Jennifer V. Hughes in Building Operations on March 6, 2014
The most significant may be Local Law 111 of 2013, which addresses the complicated rules that govern backup power generators that can be used in condos and co-ops in the event of an emergency. "This law removes barriers," says Cecil Scheib, chief program officer for the Urban Green Council.
Lowdown on Elevators
Previously, if a cooperative or a condominium wanted to install a backup generator, the machinery had to power a list containing such items as emergency and safety lighting and an elevator for each building. One of the most crucial changes in the new law is that existing buildings that voluntarily decide to install generators do not have to power elevators if they are 125 feet or lower (about 10 to 12 stories).

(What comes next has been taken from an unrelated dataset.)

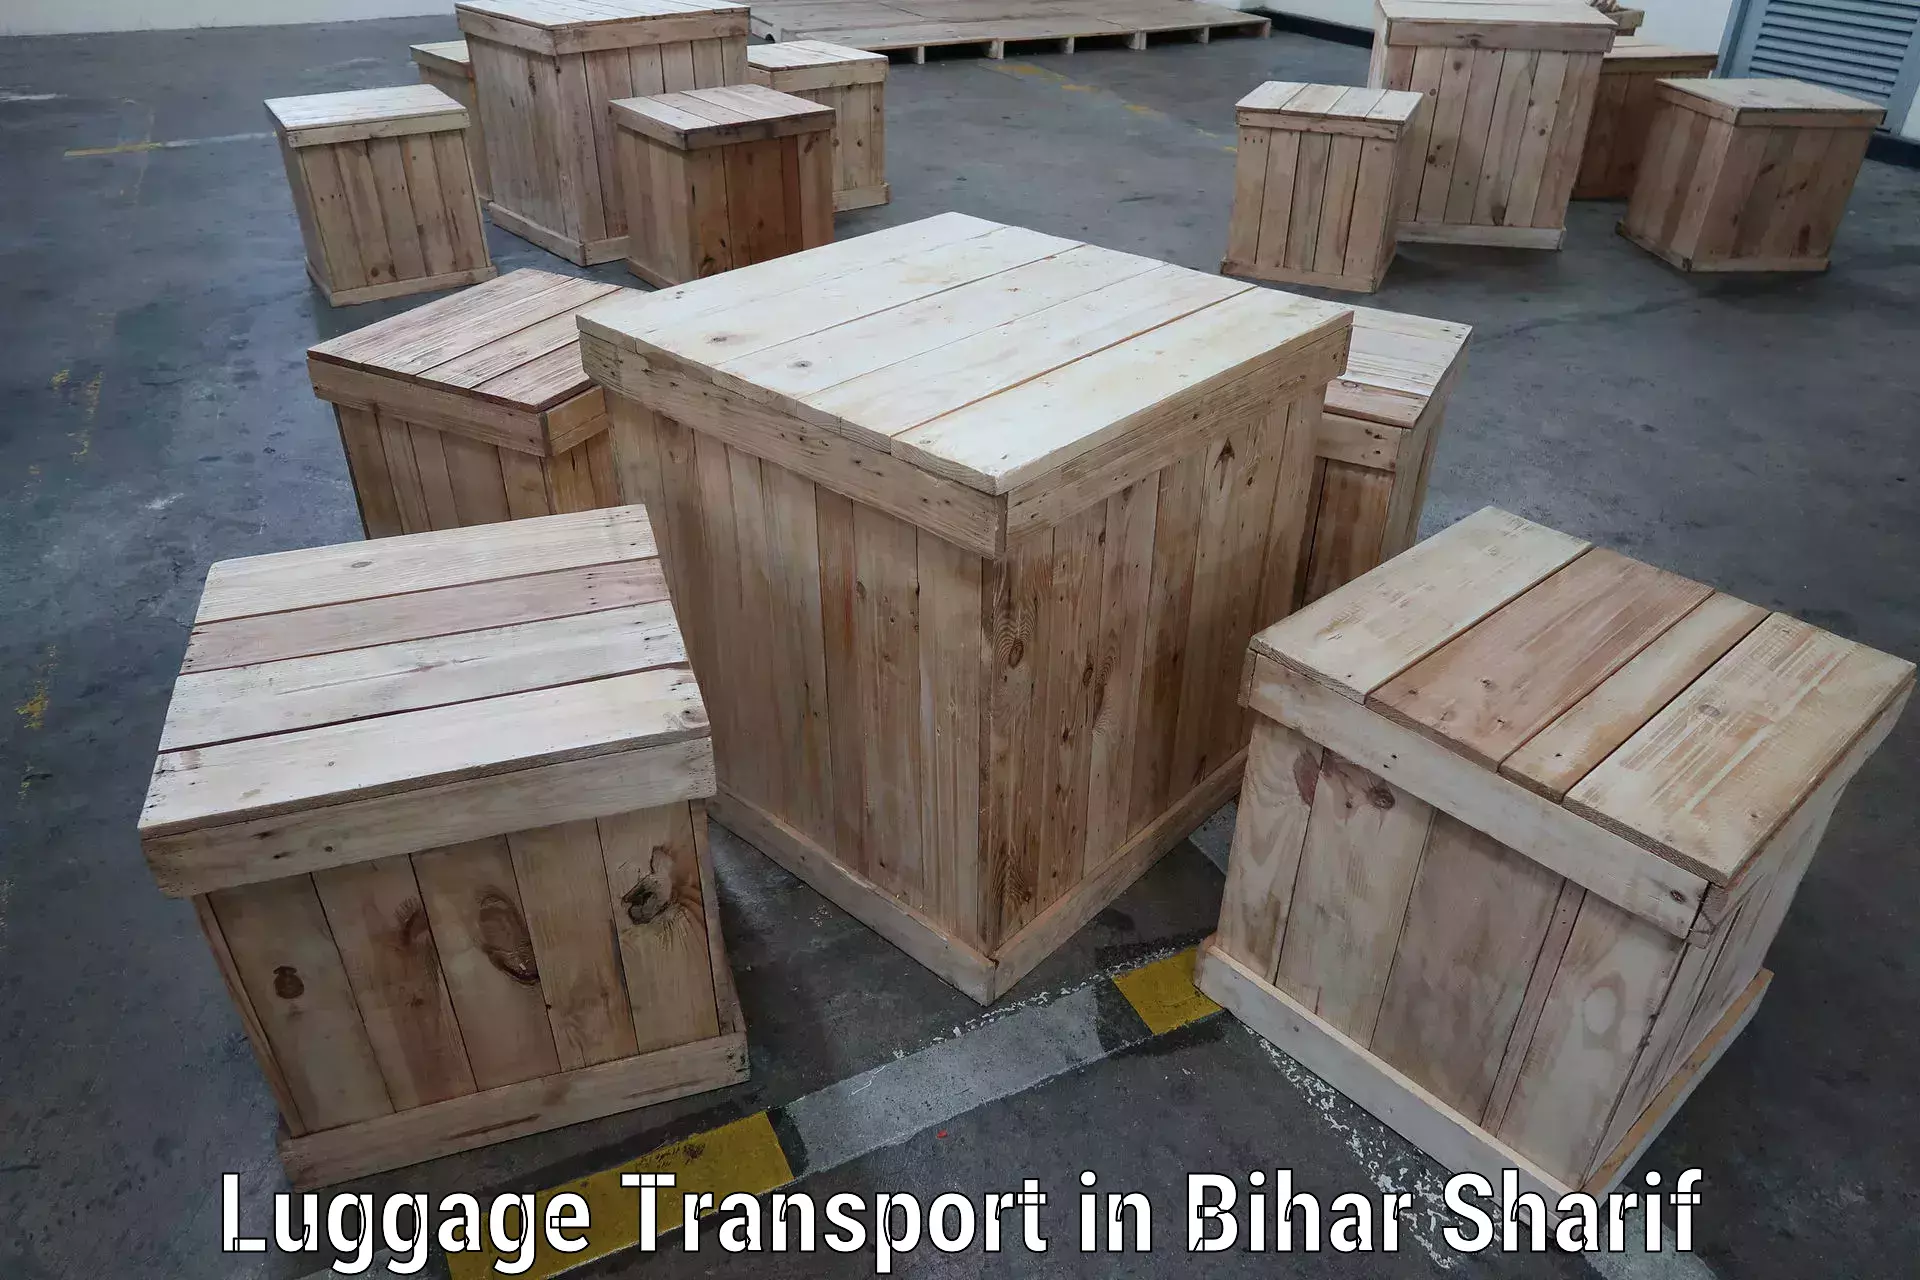 Luggage storage and delivery in Bihar Sharif

"It means you can buy a smaller generator, which costs less and can fit into a smaller space," says Scheib. "If you are using fuel oil to power the generator, you need to store less fuel with a smaller generator. All sorts of options open up." But some close down: residents will have to walk up and down the stairs because they don't have an elevator.
The experts say it is difficult to ballpark how much this could reduce costs, but Jon Weiskopf, senior engineer for Steven Winter Associates, says it could be about 30 percent cheaper to install a generator that doesn't need to carry an elevator on the load.
Fuel Me Once….
Another big change deals with fuel type. Previously, condos and co-ops could use only generators designated as "emergency." Now they can use those called "standby." One of the key differences? Standbys are permitted to have a longer time to start up (about 60 seconds compared with about 10 seconds), and natural gas generators are more likely to need those additional seconds to start. So the change in designation makes it easier to use natural gas, which would be the preferred option for many owners.

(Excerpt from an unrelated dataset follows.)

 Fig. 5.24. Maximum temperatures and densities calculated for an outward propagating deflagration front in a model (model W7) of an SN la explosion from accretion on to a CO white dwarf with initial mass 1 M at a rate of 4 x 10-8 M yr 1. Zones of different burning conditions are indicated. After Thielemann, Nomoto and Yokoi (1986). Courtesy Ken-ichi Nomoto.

One change that could add to the cost of generators is that if they run on fuel oil, owners must keep at least six hours of fuel on site compared to the old standard of two, says Doug Lane, principal of Lane Engineering Consulting, which does generator work in New York City. While many building owners would want to have larger tanks anyway, those cost more.
Local Law 111 also specifically allows condos and co-ops to use fuel cell generators for backup power — a practice that was previously not permitted. This type of generator uses natural gas to create power and heat through a chemical process; residential buildings typically use them to power part of their load during normal operations. "Not a lot of people have fuel cells," says Scheib, "but this might make it more attractive because it will also count as your backup generator."